> Brief
Please retype the listing below, matching every line exactly.

# # # # # # #

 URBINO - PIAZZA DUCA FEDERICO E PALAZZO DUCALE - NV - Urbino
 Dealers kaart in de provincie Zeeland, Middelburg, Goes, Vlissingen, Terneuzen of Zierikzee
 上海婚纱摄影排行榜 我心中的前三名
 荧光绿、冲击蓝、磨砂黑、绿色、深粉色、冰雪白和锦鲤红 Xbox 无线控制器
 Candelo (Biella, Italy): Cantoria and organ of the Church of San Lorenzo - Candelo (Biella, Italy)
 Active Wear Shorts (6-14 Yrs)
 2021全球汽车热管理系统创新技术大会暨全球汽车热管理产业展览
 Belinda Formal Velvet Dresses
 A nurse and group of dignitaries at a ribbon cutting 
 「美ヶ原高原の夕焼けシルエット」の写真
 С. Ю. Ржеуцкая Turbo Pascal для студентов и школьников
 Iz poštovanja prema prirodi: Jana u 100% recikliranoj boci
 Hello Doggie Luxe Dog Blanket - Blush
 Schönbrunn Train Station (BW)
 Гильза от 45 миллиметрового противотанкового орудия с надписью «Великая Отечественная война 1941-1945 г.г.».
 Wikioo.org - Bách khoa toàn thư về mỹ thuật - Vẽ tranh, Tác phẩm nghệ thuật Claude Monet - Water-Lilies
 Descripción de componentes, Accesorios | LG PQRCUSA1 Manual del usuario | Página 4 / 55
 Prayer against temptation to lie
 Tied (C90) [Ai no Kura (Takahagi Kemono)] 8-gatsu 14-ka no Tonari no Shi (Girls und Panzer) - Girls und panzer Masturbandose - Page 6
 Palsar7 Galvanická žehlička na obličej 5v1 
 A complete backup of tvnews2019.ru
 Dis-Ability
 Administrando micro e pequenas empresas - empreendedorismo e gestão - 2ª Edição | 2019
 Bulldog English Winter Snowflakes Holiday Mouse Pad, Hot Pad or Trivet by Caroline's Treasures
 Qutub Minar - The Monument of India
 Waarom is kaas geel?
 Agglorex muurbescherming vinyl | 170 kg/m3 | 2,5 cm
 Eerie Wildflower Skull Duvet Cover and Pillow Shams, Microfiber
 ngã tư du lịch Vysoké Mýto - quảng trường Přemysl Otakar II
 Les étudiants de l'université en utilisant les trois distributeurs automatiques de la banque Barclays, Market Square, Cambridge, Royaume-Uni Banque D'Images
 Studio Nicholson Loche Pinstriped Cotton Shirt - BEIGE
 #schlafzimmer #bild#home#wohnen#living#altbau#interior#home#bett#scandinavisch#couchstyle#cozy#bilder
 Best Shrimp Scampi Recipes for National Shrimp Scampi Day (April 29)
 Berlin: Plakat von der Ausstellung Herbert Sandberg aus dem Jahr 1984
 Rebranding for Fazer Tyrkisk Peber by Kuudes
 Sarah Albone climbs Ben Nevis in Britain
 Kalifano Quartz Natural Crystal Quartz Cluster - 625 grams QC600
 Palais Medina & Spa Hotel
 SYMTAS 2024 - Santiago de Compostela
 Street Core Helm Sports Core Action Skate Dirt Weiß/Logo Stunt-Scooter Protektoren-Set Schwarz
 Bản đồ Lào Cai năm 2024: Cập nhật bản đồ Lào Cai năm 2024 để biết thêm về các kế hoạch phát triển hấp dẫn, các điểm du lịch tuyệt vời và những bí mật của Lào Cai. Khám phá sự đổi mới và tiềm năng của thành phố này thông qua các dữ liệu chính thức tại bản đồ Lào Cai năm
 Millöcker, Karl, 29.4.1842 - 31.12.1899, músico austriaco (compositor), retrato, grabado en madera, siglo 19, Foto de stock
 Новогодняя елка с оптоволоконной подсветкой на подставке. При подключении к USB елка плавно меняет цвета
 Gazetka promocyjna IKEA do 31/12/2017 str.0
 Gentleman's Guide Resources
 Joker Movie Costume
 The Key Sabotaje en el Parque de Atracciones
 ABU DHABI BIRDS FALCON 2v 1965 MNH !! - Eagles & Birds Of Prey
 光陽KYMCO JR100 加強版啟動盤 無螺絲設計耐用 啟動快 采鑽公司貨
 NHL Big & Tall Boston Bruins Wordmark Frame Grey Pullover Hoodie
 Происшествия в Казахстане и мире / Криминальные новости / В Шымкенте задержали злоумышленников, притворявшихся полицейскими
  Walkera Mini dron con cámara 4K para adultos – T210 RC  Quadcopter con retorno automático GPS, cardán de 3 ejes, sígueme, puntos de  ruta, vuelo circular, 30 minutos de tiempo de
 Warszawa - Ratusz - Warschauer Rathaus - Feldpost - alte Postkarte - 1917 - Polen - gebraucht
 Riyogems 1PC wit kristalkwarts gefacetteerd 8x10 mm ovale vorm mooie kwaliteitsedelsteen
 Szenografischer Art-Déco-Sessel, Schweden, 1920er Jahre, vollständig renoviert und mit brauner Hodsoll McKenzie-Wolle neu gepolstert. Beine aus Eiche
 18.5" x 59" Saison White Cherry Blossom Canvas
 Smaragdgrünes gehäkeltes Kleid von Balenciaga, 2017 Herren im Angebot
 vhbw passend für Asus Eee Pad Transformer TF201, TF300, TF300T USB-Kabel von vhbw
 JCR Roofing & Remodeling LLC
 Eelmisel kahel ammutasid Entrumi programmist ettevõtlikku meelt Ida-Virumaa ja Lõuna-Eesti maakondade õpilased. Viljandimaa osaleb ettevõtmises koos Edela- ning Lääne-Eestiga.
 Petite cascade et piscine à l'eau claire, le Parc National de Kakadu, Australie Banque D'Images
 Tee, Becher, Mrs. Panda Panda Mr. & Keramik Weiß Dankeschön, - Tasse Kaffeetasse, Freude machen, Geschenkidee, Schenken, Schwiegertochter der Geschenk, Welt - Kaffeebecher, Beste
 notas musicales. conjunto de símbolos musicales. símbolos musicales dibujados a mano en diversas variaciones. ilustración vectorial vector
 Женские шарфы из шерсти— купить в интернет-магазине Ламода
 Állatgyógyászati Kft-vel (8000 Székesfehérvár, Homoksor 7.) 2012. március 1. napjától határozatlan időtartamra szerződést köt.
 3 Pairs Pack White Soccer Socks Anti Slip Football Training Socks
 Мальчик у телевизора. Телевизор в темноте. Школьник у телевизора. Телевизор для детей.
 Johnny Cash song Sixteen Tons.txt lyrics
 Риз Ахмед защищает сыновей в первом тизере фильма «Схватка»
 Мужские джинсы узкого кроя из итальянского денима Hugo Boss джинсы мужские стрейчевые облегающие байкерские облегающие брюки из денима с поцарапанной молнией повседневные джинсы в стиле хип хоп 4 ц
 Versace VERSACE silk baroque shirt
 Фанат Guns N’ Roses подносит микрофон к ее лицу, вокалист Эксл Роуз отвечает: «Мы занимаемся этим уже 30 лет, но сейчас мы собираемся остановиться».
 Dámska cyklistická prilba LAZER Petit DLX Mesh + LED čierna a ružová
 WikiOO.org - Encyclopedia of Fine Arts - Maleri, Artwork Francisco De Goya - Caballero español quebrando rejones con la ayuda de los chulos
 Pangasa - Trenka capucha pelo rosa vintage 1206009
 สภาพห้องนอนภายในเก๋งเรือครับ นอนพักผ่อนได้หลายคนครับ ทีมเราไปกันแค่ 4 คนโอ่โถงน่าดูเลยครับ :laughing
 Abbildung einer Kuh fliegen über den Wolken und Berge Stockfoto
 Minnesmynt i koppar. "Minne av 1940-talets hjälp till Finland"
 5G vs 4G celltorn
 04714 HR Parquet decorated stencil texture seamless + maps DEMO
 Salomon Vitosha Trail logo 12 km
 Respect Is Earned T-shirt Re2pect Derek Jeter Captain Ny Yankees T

# # # # # # #

> Answer box
 URBINO - PIAZZA DUCA FEDERICO E PALAZZO DUCALE - NV - Urbino
 Dealers kaart in de provincie Zeeland, Middelburg, Goes, Vlissingen, Terneuzen of Zierikzee
 上海婚纱摄影排行榜 我心中的前三名
 荧光绿、冲击蓝、磨砂黑、绿色、深粉色、冰雪白和锦鲤红 Xbox 无线控制器
 Candelo (Biella, Italy): Cantoria and organ of the Church of San Lorenzo - Candelo (Biella, Italy)
 Active Wear Shorts (6-14 Yrs)
 2021全球汽车热管理系统创新技术大会暨全球汽车热管理产业展览
 Belinda Formal Velvet Dresses
 A nurse and group of dignitaries at a ribbon cutting 
 「美ヶ原高原の夕焼けシルエット」の写真
 С. Ю. Ржеуцкая Turbo Pascal для студентов и школьников
 Iz poštovanja prema prirodi: Jana u 100% recikliranoj boci
 Hello Doggie Luxe Dog Blanket - Blush
 Schönbrunn Train Station (BW)
 Гильза от 45 миллиметрового противотанкового орудия с надписью «Великая Отечественная война 1941-1945 г.г.».
 Wikioo.org - Bách khoa toàn thư về mỹ thuật - Vẽ tranh, Tác phẩm nghệ thuật Claude Monet - Water-Lilies
 Descripción de componentes, Accesorios | LG PQRCUSA1 Manual del usuario | Página 4 / 55
 Prayer against temptation to lie
 Tied (C90) [Ai no Kura (Takahagi Kemono)] 8-gatsu 14-ka no Tonari no Shi (Girls und Panzer) - Girls und panzer Masturbandose - Page 6
 Palsar7 Galvanická žehlička na obličej 5v1 
 A complete backup of tvnews2019.ru
 Dis-Ability
 Administrando micro e pequenas empresas - empreendedorismo e gestão - 2ª Edição | 2019
 Bulldog English Winter Snowflakes Holiday Mouse Pad, Hot Pad or Trivet by Caroline's Treasures
 Qutub Minar - The Monument of India
 Waarom is kaas geel?
 Agglorex muurbescherming vinyl | 170 kg/m3 | 2,5 cm
 Eerie Wildflower Skull Duvet Cover and Pillow Shams, Microfiber
 ngã tư du lịch Vysoké Mýto - quảng trường Přemysl Otakar II
 Les étudiants de l'université en utilisant les trois distributeurs automatiques de la banque Barclays, Market Square, Cambridge, Royaume-Uni Banque D'Images
 Studio Nicholson Loche Pinstriped Cotton Shirt - BEIGE
 #schlafzimmer #bild#home#wohnen#living#altbau#interior#home#bett#scandinavisch#couchstyle#cozy#bilder
 Best Shrimp Scampi Recipes for National Shrimp Scampi Day (April 29)
 Berlin: Plakat von der Ausstellung Herbert Sandberg aus dem Jahr 1984
 Rebranding for Fazer Tyrkisk Peber by Kuudes
 Sarah Albone climbs Ben Nevis in Britain
 Kalifano Quartz Natural Crystal Quartz Cluster - 625 grams QC600
 Palais Medina & Spa Hotel
 SYMTAS 2024 - Santiago de Compostela
 Street Core Helm Sports Core Action Skate Dirt Weiß/Logo Stunt-Scooter Protektoren-Set Schwarz
 Bản đồ Lào Cai năm 2024: Cập nhật bản đồ Lào Cai năm 2024 để biết thêm về các kế hoạch phát triển hấp dẫn, các điểm du lịch tuyệt vời và những bí mật của Lào Cai. Khám phá sự đổi mới và tiềm năng của thành phố này thông qua các dữ liệu chính thức tại bản đồ Lào Cai năm
 Millöcker, Karl, 29.4.1842 - 31.12.1899, músico austriaco (compositor), retrato, grabado en madera, siglo 19, Foto de stock
 Новогодняя елка с оптоволоконной подсветкой на подставке. При подключении к USB елка плавно меняет цвета
 Gazetka promocyjna IKEA do 31/12/2017 str.0
 Gentleman's Guide Resources
 Joker Movie Costume
 The Key Sabotaje en el Parque de Atracciones
 ABU DHABI BIRDS FALCON 2v 1965 MNH !! - Eagles & Birds Of Prey
 光陽KYMCO JR100 加強版啟動盤 無螺絲設計耐用 啟動快 采鑽公司貨
 NHL Big & Tall Boston Bruins Wordmark Frame Grey Pullover Hoodie
 Происшествия в Казахстане и мире / Криминальные новости / В Шымкенте задержали злоумышленников, притворявшихся полицейскими
  Walkera Mini dron con cámara 4K para adultos – T210 RC  Quadcopter con retorno automático GPS, cardán de 3 ejes, sígueme, puntos de  ruta, vuelo circular, 30 minutos de tiempo de
 Warszawa - Ratusz - Warschauer Rathaus - Feldpost - alte Postkarte - 1917 - Polen - gebraucht
 Riyogems 1PC wit kristalkwarts gefacetteerd 8x10 mm ovale vorm mooie kwaliteitsedelsteen
 Szenografischer Art-Déco-Sessel, Schweden, 1920er Jahre, vollständig renoviert und mit brauner Hodsoll McKenzie-Wolle neu gepolstert. Beine aus Eiche
 18.5" x 59" Saison White Cherry Blossom Canvas
 Smaragdgrünes gehäkeltes Kleid von Balenciaga, 2017 Herren im Angebot
 vhbw passend für Asus Eee Pad Transformer TF201, TF300, TF300T USB-Kabel von vhbw
 JCR Roofing & Remodeling LLC
 Eelmisel kahel ammutasid Entrumi programmist ettevõtlikku meelt Ida-Virumaa ja Lõuna-Eesti maakondade õpilased. Viljandimaa osaleb ettevõtmises koos Edela- ning Lääne-Eestiga.
 Petite cascade et piscine à l'eau claire, le Parc National de Kakadu, Australie Banque D'Images
 Tee, Becher, Mrs. Panda Panda Mr. & Keramik Weiß Dankeschön, - Tasse Kaffeetasse, Freude machen, Geschenkidee, Schenken, Schwiegertochter der Geschenk, Welt - Kaffeebecher, Beste
 notas musicales. conjunto de símbolos musicales. símbolos musicales dibujados a mano en diversas variaciones. ilustración vectorial vector
 Женские шарфы из шерсти— купить в интернет-магазине Ламода
 Állatgyógyászati Kft-vel (8000 Székesfehérvár, Homoksor 7.) 2012. március 1. napjától határozatlan időtartamra szerződést köt.
 3 Pairs Pack White Soccer Socks Anti Slip Football Training Socks
 Мальчик у телевизора. Телевизор в темноте. Школьник у телевизора. Телевизор для детей.
 Johnny Cash song Sixteen Tons.txt lyrics
 Риз Ахмед защищает сыновей в первом тизере фильма «Схватка»
 Мужские джинсы узкого кроя из итальянского денима Hugo Boss джинсы мужские стрейчевые облегающие байкерские облегающие брюки из денима с поцарапанной молнией повседневные джинсы в стиле хип хоп 4 ц
 Versace VERSACE silk baroque shirt
 Фанат Guns N’ Roses подносит микрофон к ее лицу, вокалист Эксл Роуз отвечает: «Мы занимаемся этим уже 30 лет, но сейчас мы собираемся остановиться».
 Dámska cyklistická prilba LAZER Petit DLX Mesh + LED čierna a ružová
 WikiOO.org - Encyclopedia of Fine Arts - Maleri, Artwork Francisco De Goya - Caballero español quebrando rejones con la ayuda de los chulos
 Pangasa - Trenka capucha pelo rosa vintage 1206009
 สภาพห้องนอนภายในเก๋งเรือครับ นอนพักผ่อนได้หลายคนครับ ทีมเราไปกันแค่ 4 คนโอ่โถงน่าดูเลยครับ :laughing
 Abbildung einer Kuh fliegen über den Wolken und Berge Stockfoto
 Minnesmynt i koppar. "Minne av 1940-talets hjälp till Finland"
 5G vs 4G celltorn
 04714 HR Parquet decorated stencil texture seamless + maps DEMO
 Salomon Vitosha Trail logo 12 km
 Respect Is Earned T-shirt Re2pect Derek Jeter Captain Ny Yankees T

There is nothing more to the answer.